Glossary¶
- AutoTransformers library¶
The library that DeepOpinion developed in order to automatically transform arbitrary data into ML Models that can be used to automate processes or solve different tasks in different domains.
- AutoTransformer¶
A model that was automatically created with the AutoTransformers library using some dataset. An AutoTransformer can be used to predict new, unseen data in order to solve a task such as InformationExtraction in documents or text.
- AutoTransformers wizard¶
A command line tool that can be called with
at wizard
that helps users to create the dataset as well as train and predict scripts.- Model¶
A model is a file that was trained on a dataset to learn patterns from the data in order to predict new, unseen data later on. Models can e.g. be used to automate processes such as text classification or document information extraction. Note that we call a model that was created with the AutoTransformers library an AutoTransformer.
- Hyperparameter¶
Different parameters such as the learning rate are (usually) tuned by humans to reach high performance. The AutoTransformers library is developed such that its not really required to tune hyperparameters manually.
- Domain¶
Different data sources such as text, documents, images or speech. The AutoTransformers library supports several domains such that a large range of problems can be solved with an AutoTransformer.
- Task¶
An AutoTransformer should usually solve specific problem(s). E.g. information should be extracted from a document and the document should be classified. Classification, Information extraction etc. is then called a task. Note that a single AutoTransformer can solve several tasks, of one domain, in parallel.
- Skill¶
A model trained in a given domain on some task(s) is called a skill. For example, we call a model for document information extraction a skill. Or text classification is another skill.
- Classification¶
An umbrella term for tasks that assign classes to each sample. Currently, supported classification tasks are single-label, multi-label, and multi-single label classification.
- Single-label classification¶
This task enables a model to find exactly 1 class out of C classes for each sample.

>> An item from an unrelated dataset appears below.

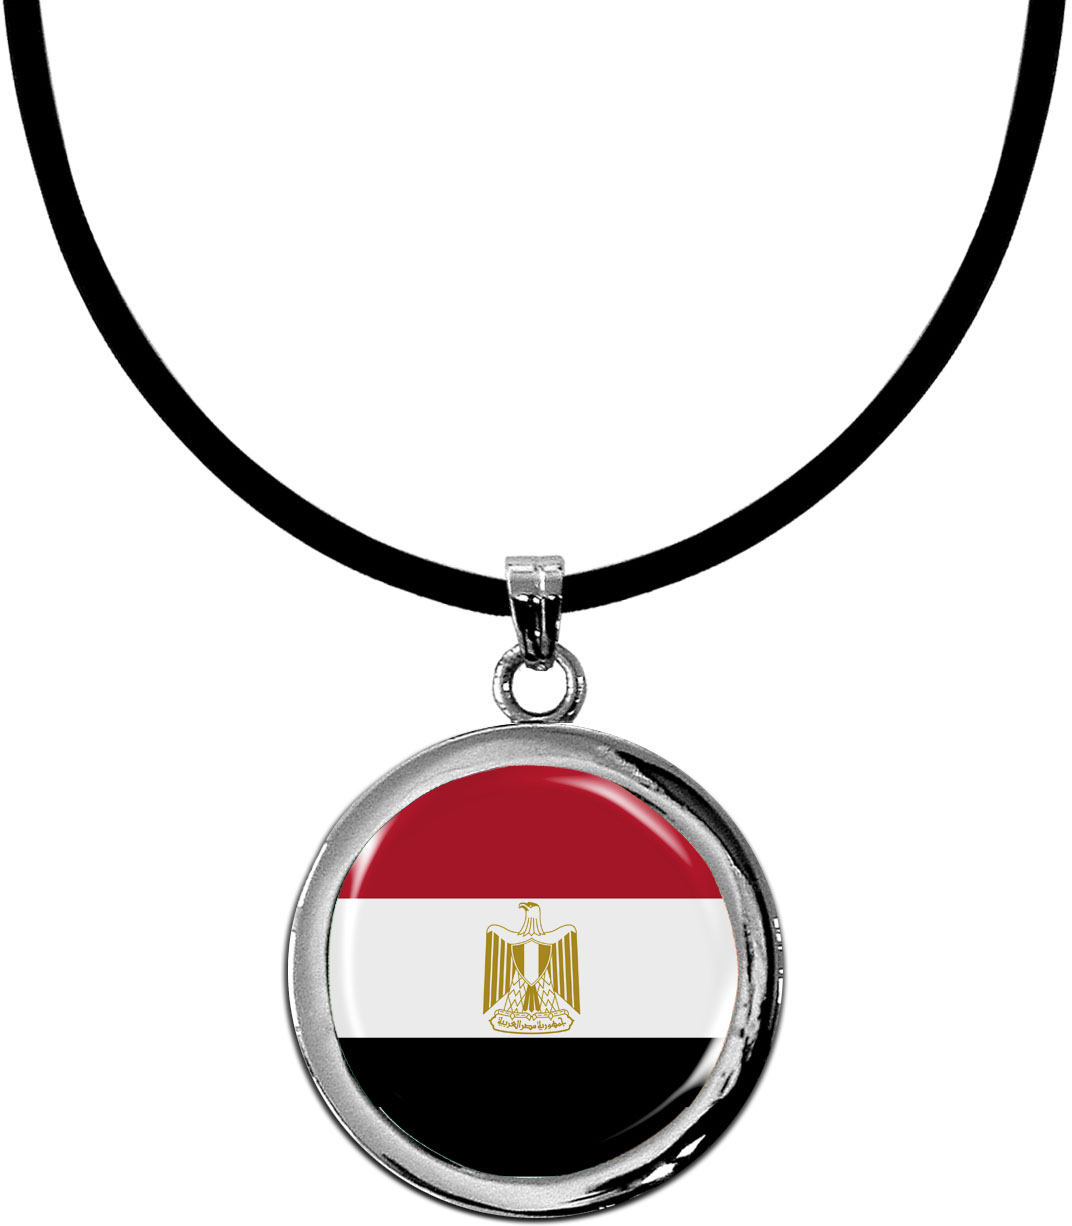 Kettenanhänger / Ägypten / Silikonband mit Silberverschluss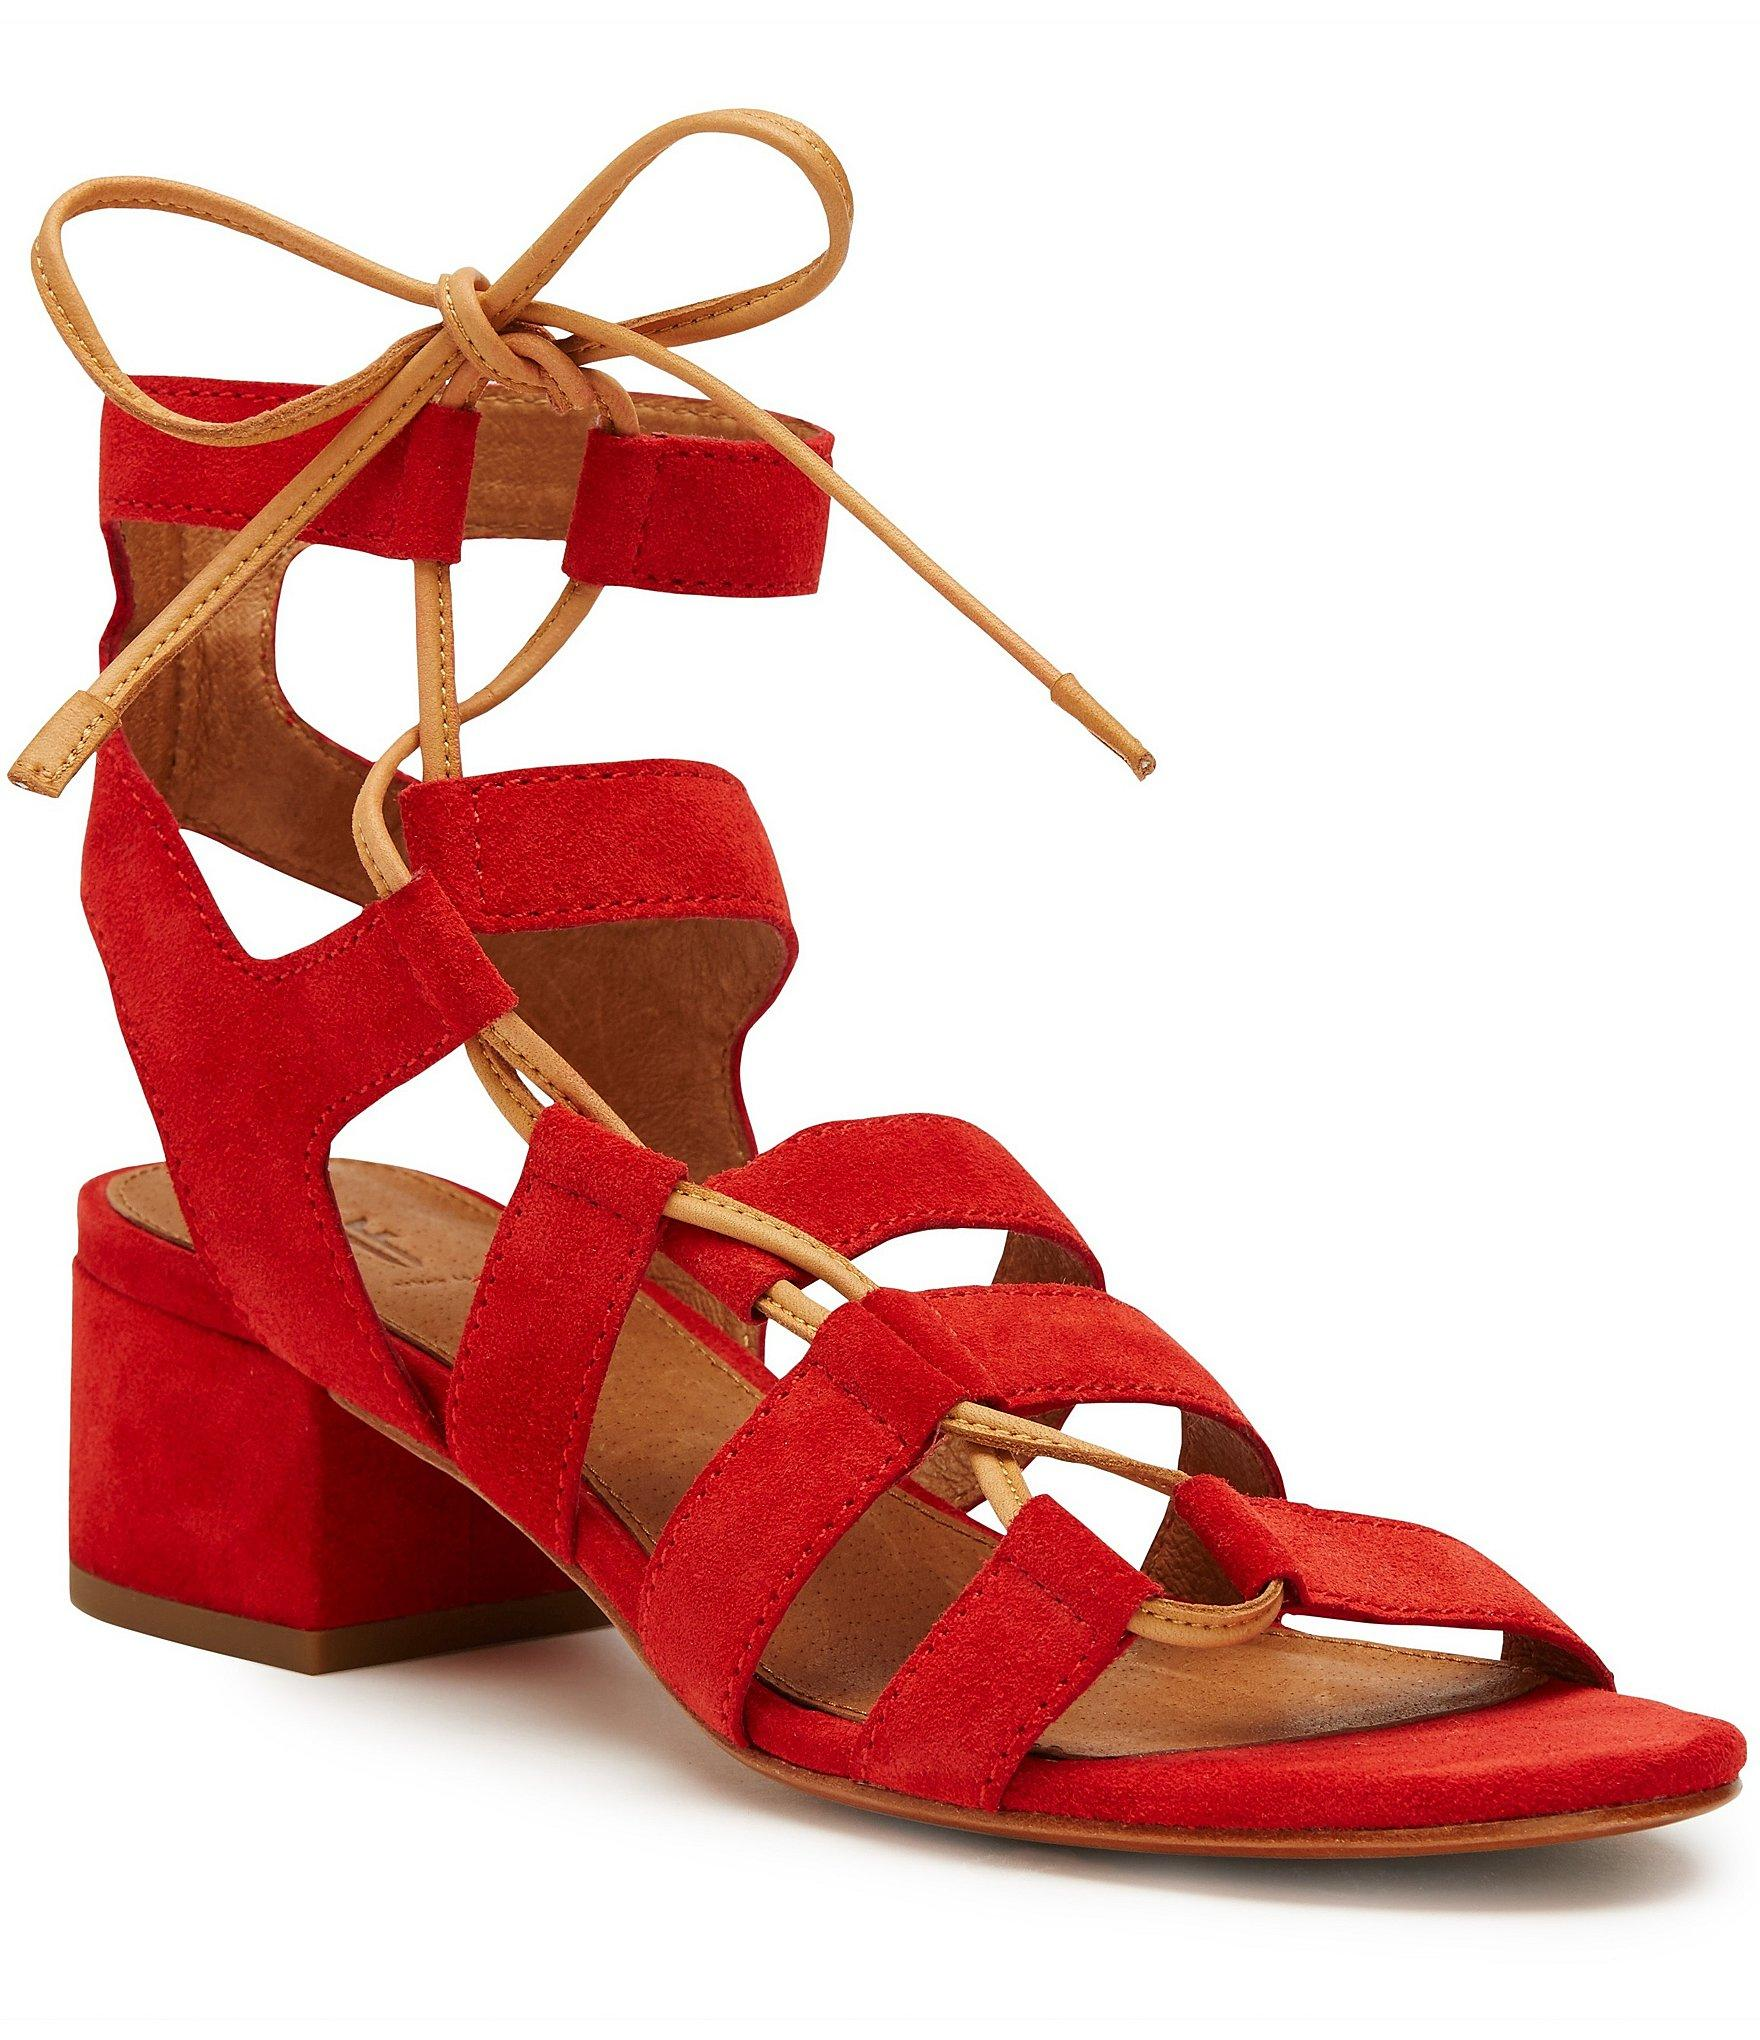 66493d683c735 Lyst - Frye Chrissy Suede Side Ghillie Block Heel Sandals in Red

- Multi-label classification¶
This task enables a model to find multiple (or only one, or even zero) classes out of C classes for each sample.
- Multi-single-label classification¶
Like multi-label classification, but additionally finds 1 out of C2 inner classes for each outer class.
- InformationExtraction¶
This task enables a model to extract information such as the name, address etc. from unstructured text, documents etc.
- Dataset¶
All samples (text, documents, images etc.) that are used to train and evaluate the AutoTransformer.
- Sample¶
We call a single entry in the dataset a sample. Note that each sample of the dataset is labeled by the user.
- Label¶
To train a model it is required to label the samples of the dataset in order to train the AutoTransformer correctly.
- DatasetLoader¶
The Python (iterator) implementation that is used to load your dataset from the disk into the memory in order to train an AutoTransformer on a certain node and device.
- Data pipeline¶
The dataset is not only loaded with multiple threads through the DatasetLoader, but also preprocessed by pipeline components. We call this the data pipeline.
- Device¶
A device is something that executes code during runtime e.g. a GPU, CPU or TPU.
- Node¶
A server that has multiple devices. Nodes can also be clustered in order to train models faster through data, model or pipeline parallelism.
- Active learning¶
A feature to select the samples from unlabeled data that should be labeled next where a model would benefit most.
- LLM¶
Large language models (LLM) are (usually) generative models with billions of parameters that can solve a huge range of tasks through prompt inputs.
- Performance¶
How well a model performs on new, unseen data.
- Checkpointing¶
Checkpointing stores your current training state onto the disk such that it can be continued again after the training is stopped (hardware failures etc.).